Поворот за мостом (СИ)
— Когда вода спадет, можно попрыгать с моста. Мы в детстве с парнями часто купались там — выходили на дорогу и ныряли с парапета.
— Только не с моста, — «не спрашивай, почему», мысленно взмолилась я.
— Боишься высоты?
— Боюсь мостов.
К счастью, избавляя меня от объяснений, пронзительно затрезвонил домашний телефон. Сэм сказал: «я отвечу» и встал с дивана.
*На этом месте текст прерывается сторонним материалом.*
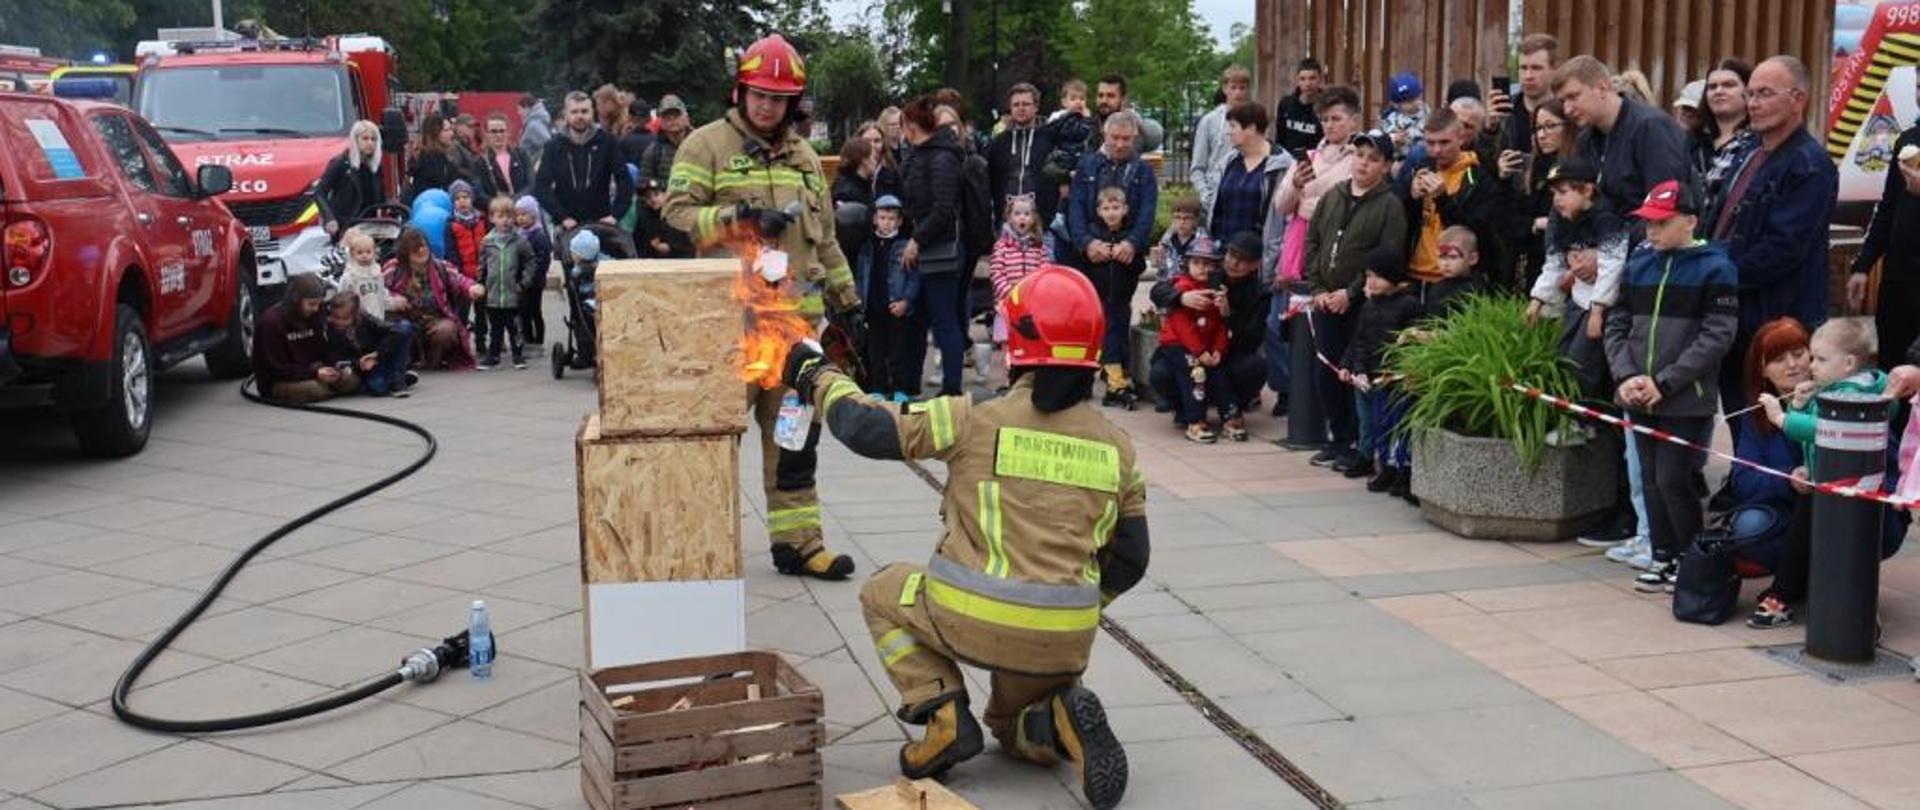 Zdjęcie wykonane na Placu Jagiellońskim w Radomiu podczas rodzinnego pikniku strażackiego zorganizowanego po zakończeniu obchodów powiatowego dnia strażaka. Na zdjęciu widać dwóch strażaków ubranych w hełmy oraz specjalistyczną odzież ochronną. Pomiędzy strażakami znajduje się konstrukcja, która zostanie podpalona w formie pokazu. Dookoła strażaków znajdują się ludzie, osoby odwiedzające piknik obserwujące pokaz. 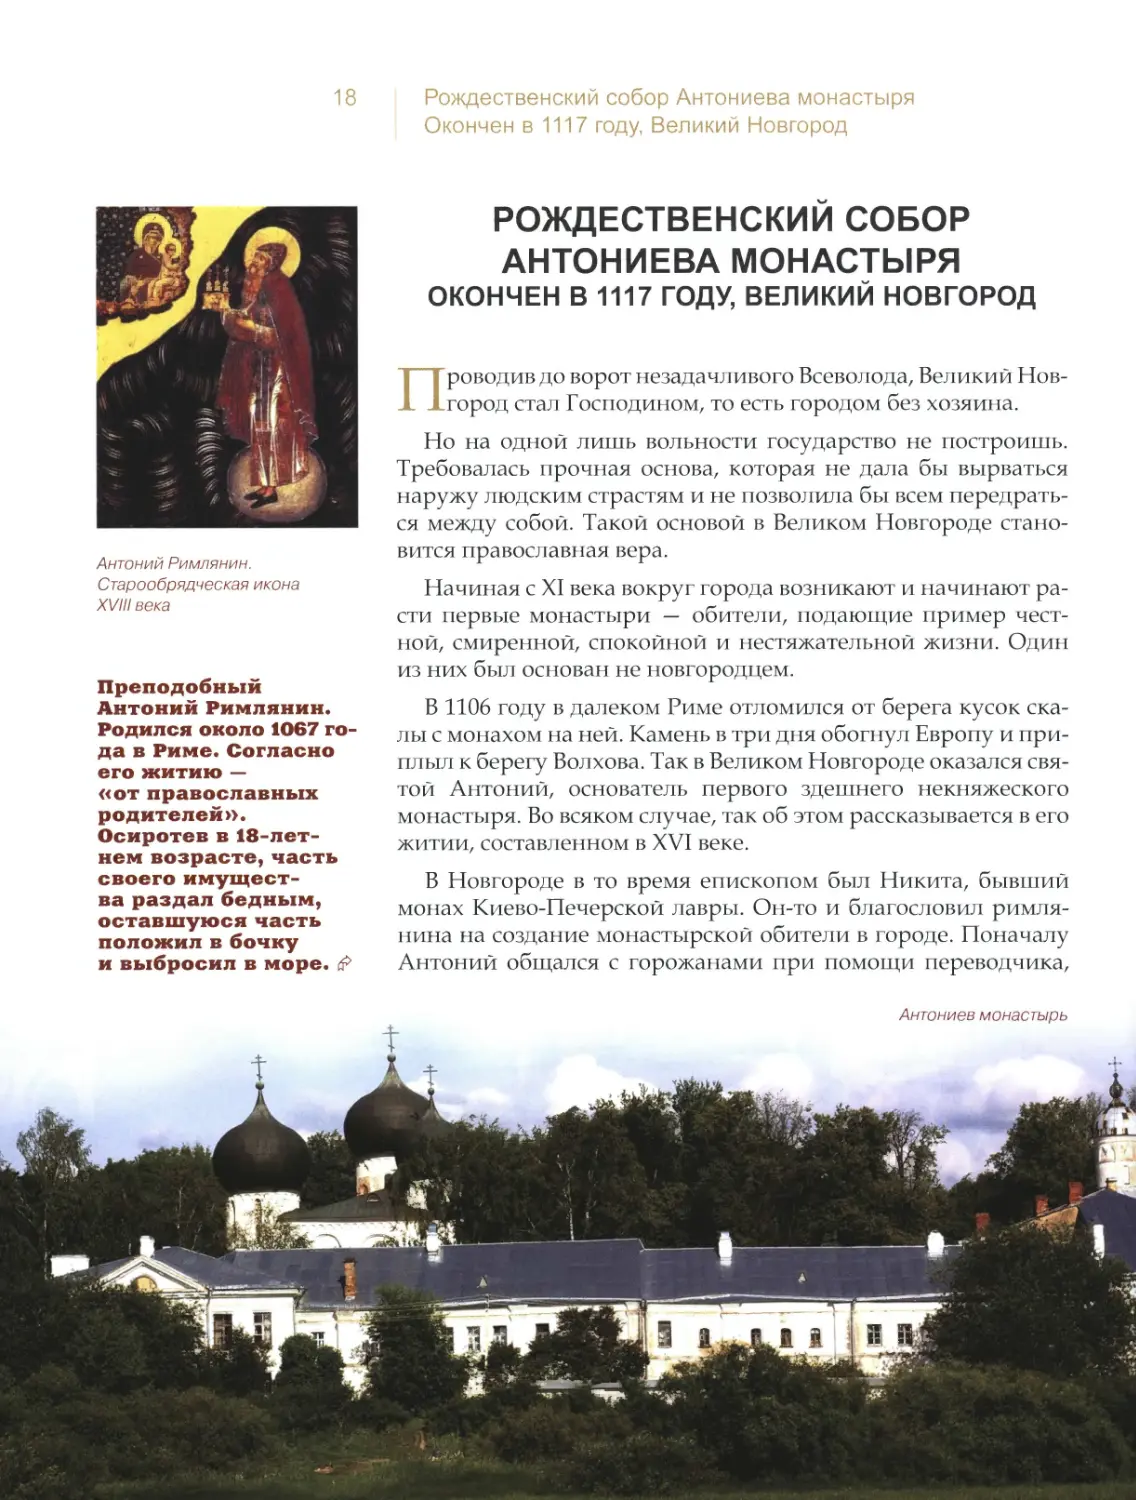 Рождественский собор Антониева монастыря, Великий Новгород

Сразу стало холоднее, словно меня лишили грелки под боком.
Он сказал что-то еще, но я уже не расслышала, зато успела подумать: слишком много откровений на сегодня.
На самом деле, после пережитых потрясений, без разницы — хороших или плохих, — меня частенько клонило в сон.
Впервые это случилось после похорон мамы, когда я даже не нашла в себе сил, чтобы сбросить тесные черные туфли, которые натерли мне ноги до крови: так и упала в своем траурном наряде в нерасстеленную постель и отрубилась почти на два дня.
Я должна была провести это время, обливаясь слезами и проклиная весь мир за его несправедливость, но вместо этого уснула, и когда очнулась, уже не могла плакать и так и спрятала свою скорбь где-то глубоко внутри, а потом для нее не было ни времени, ни места. И все равно я каждую минуту ощущала ее в себе — тяжелую, тянущую ношу, придавленную сверху могильной плитой из чувства вины.
Мне было стыдно за то, что я такая никудышная дочь, но в то же время я чувствовала, что, уснув, избавила себя от целых двух суток бесконечных страданий. И поэтому теперь, стоило мне хоть немного поволноваться — все, чего я искала, так это возможности прилечь. Или, в крайнем случае, ляпнуть какую-нибудь глупую шутку, но эта реакция проявлялась лишь при свидетелях и в самых неуместных ситуациях.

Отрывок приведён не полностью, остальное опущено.